§ WHAT THE TASK REQUIRES:
Please give back, exactly as written, the lines from the line with "Manteau femme Mademoiselle" to the line with "Mannen klickar på" in the listing below, leaving out all pictures.

§ INFORMATION:
# # # #
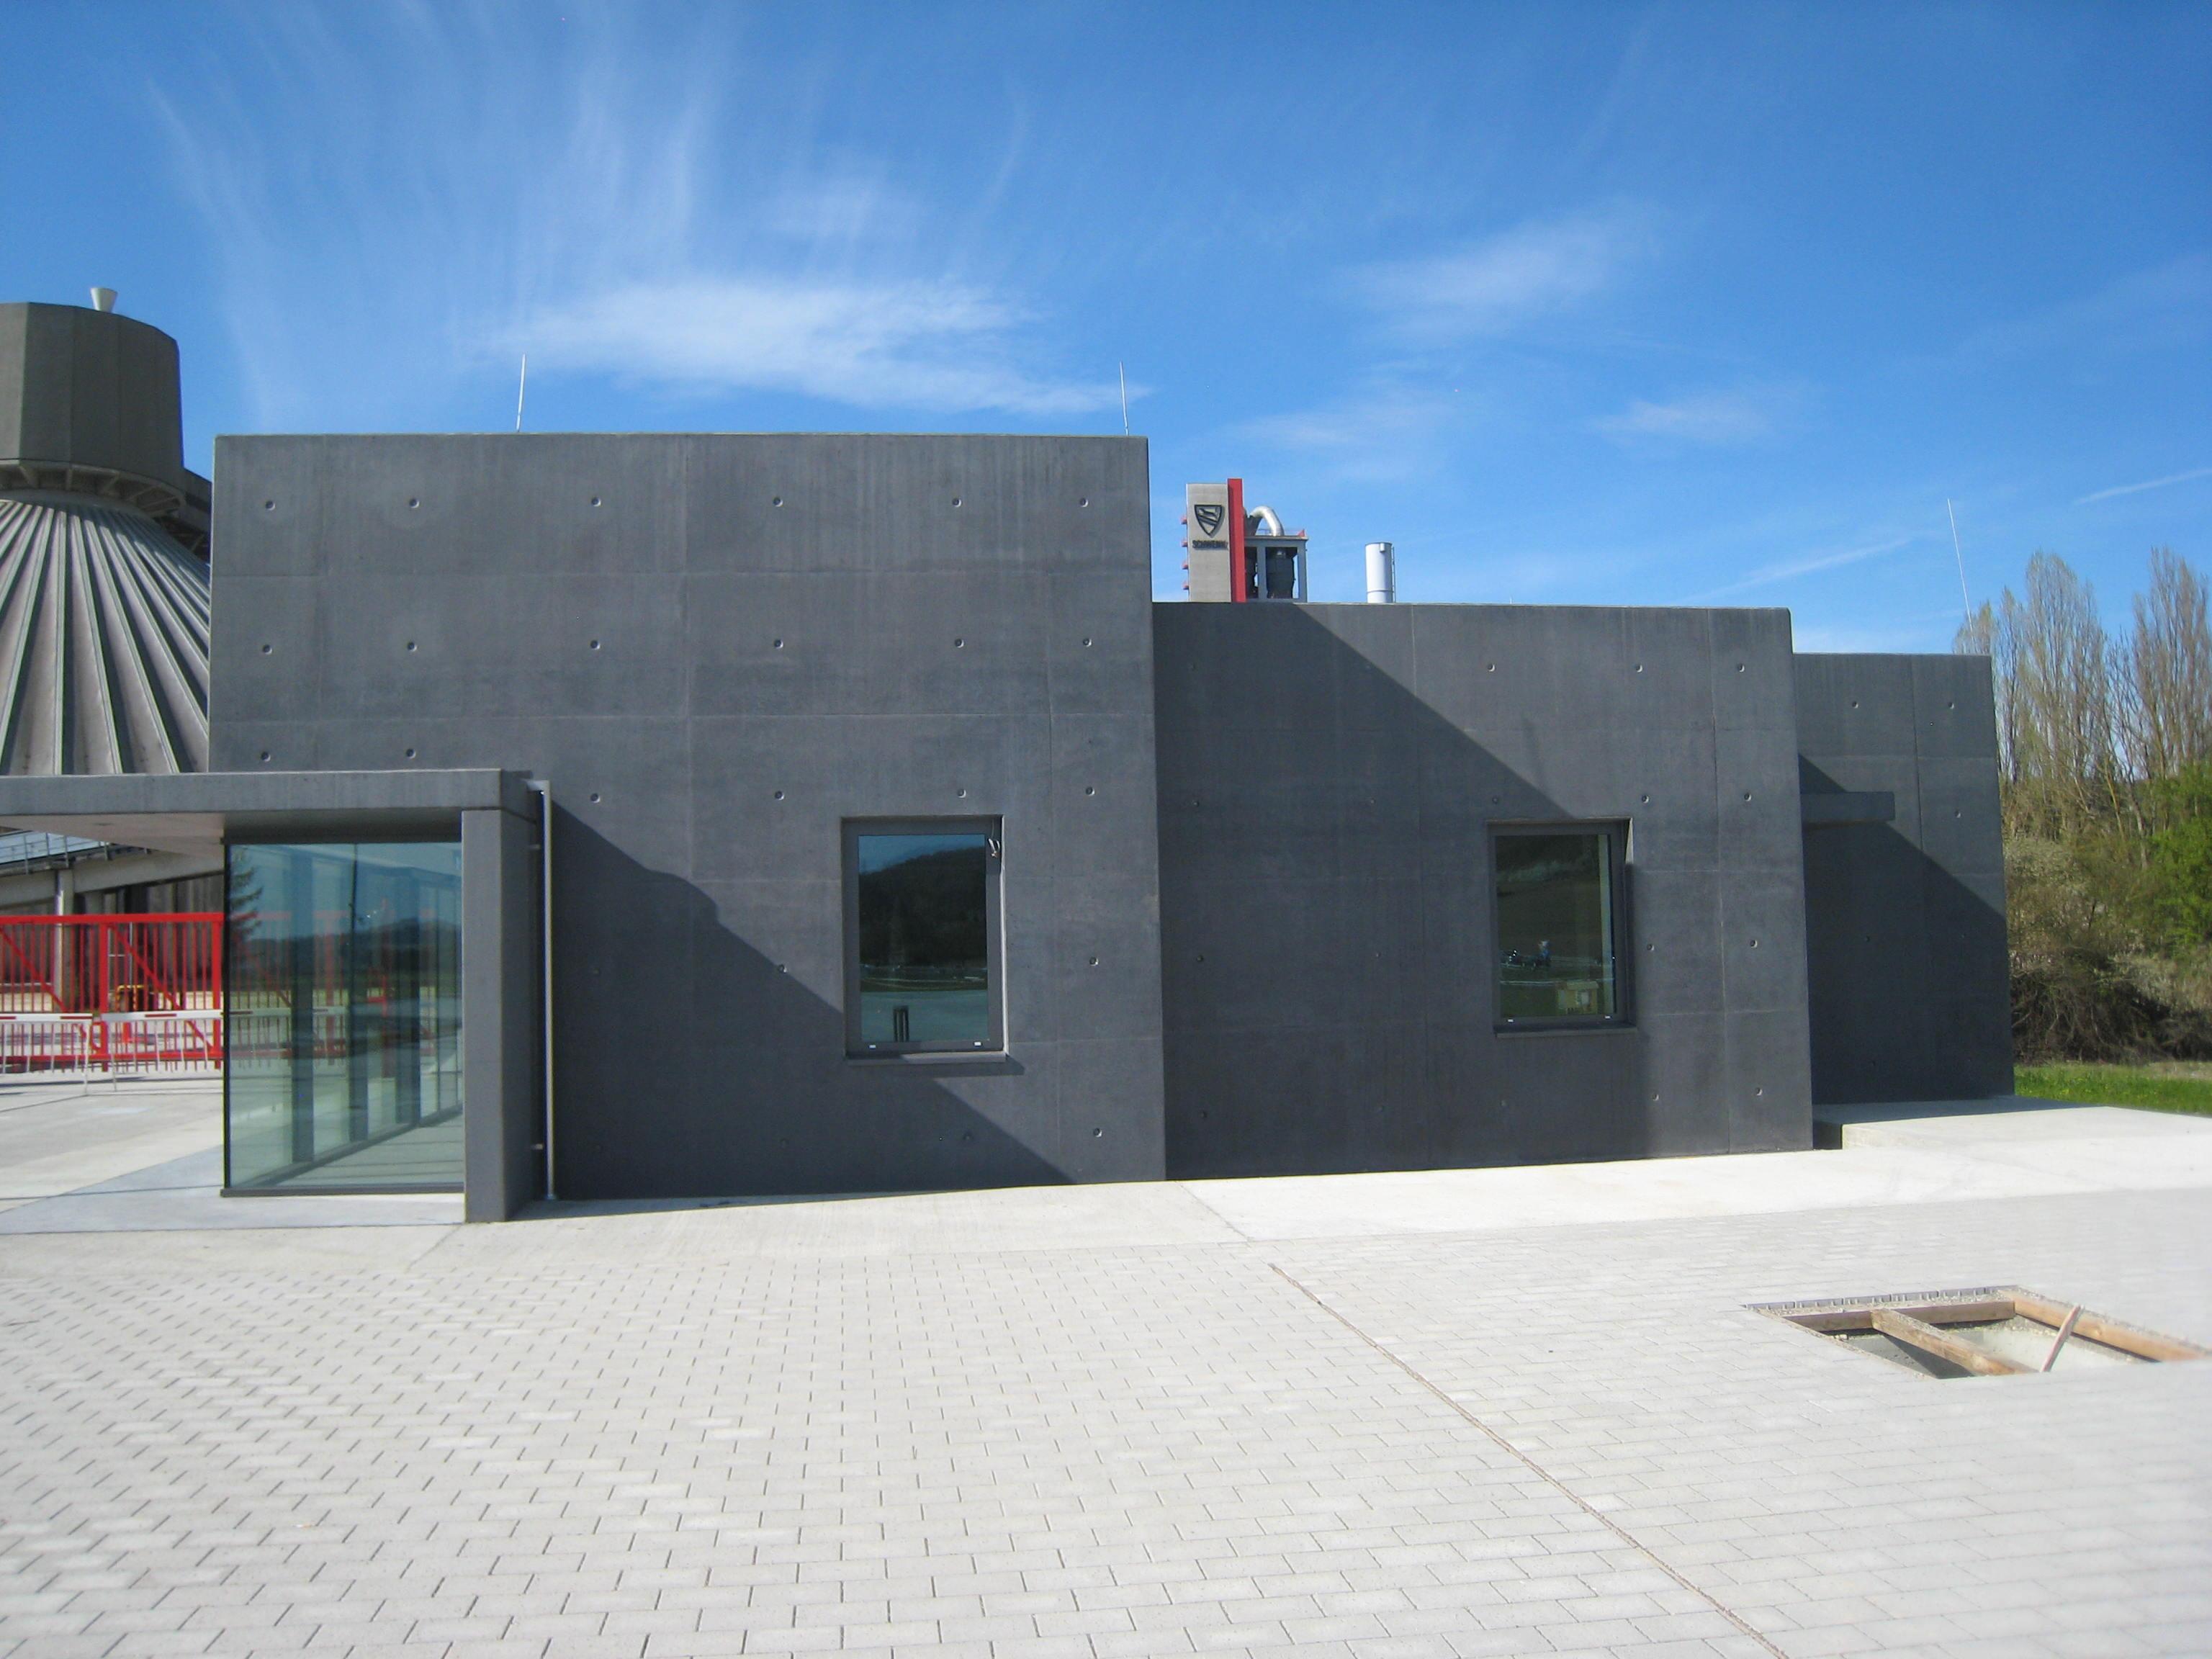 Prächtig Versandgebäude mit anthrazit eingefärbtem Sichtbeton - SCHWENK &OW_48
# # # #
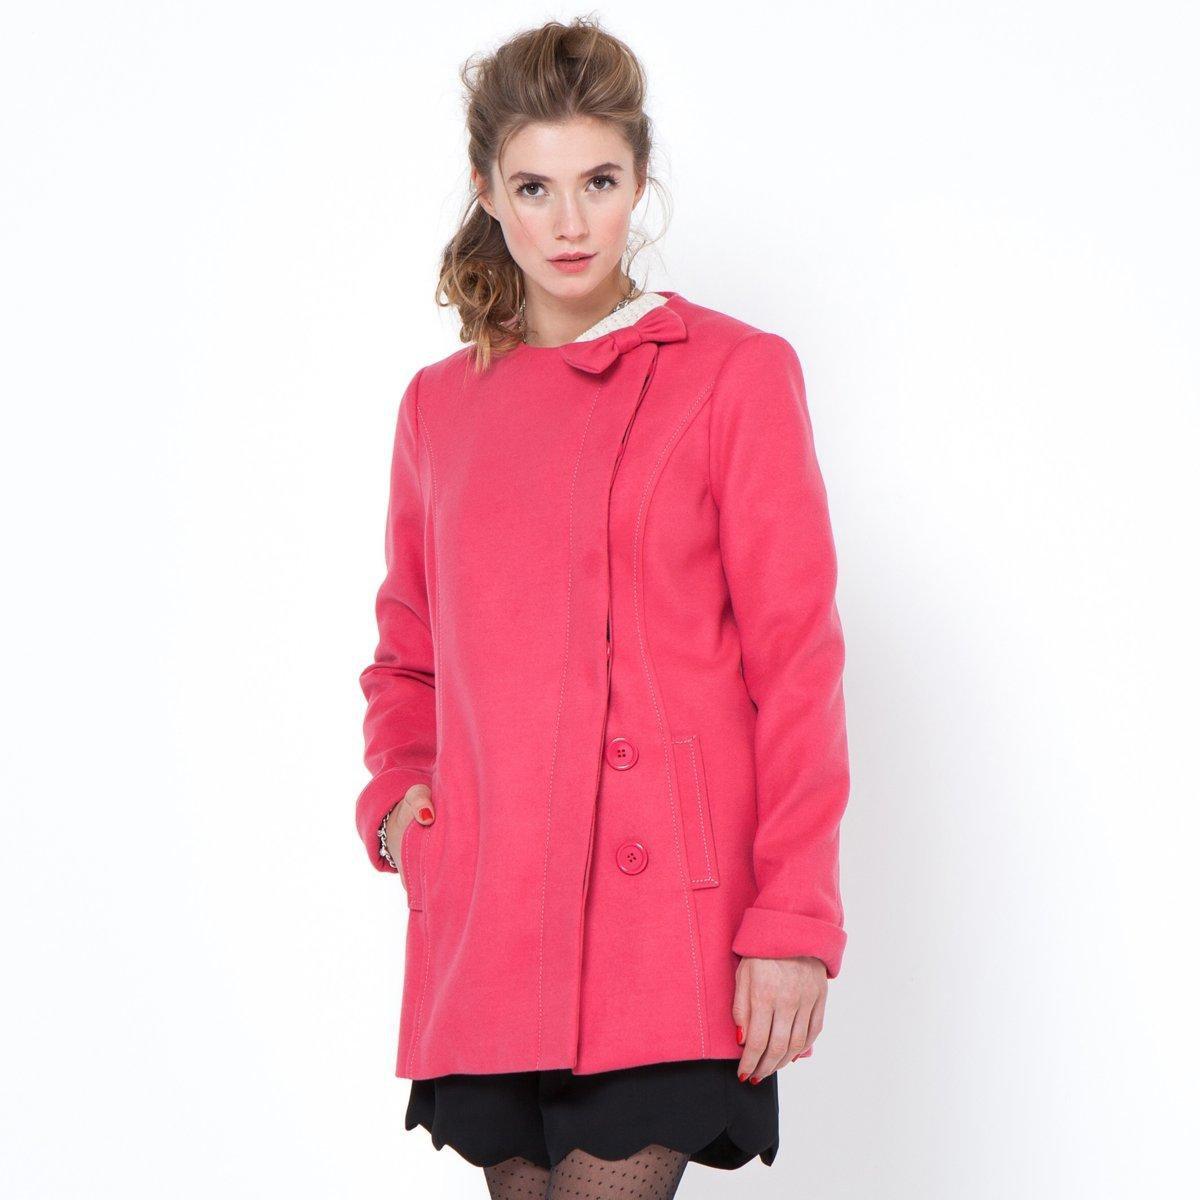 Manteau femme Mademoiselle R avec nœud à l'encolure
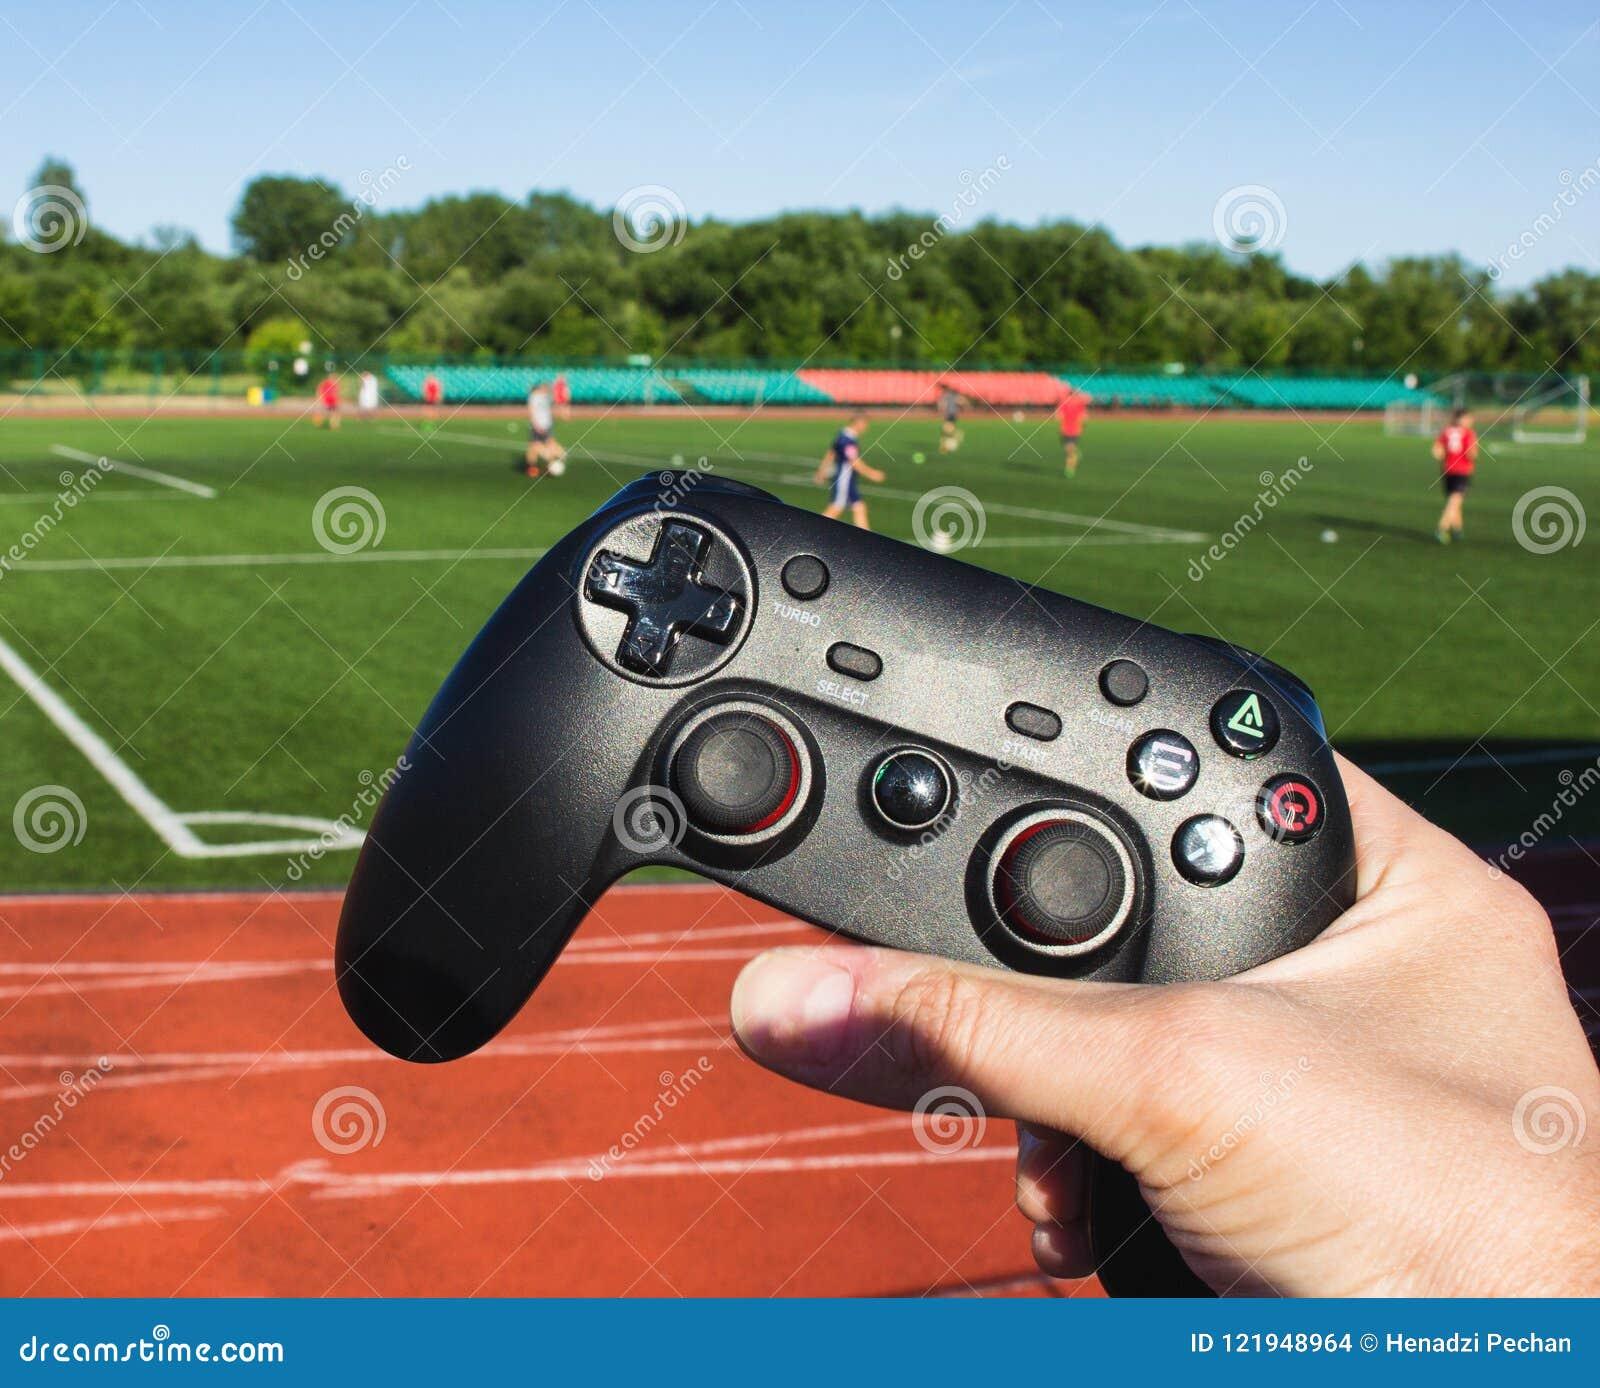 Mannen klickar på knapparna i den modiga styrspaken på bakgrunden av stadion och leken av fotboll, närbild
# # # #
§ PROBLEM SOLUTION:
 Manteau femme Mademoiselle R avec nœud à l'encolure
 Mannen klickar på knapparna i den modiga styrspaken på bakgrunden av stadion och leken av fotboll, närbild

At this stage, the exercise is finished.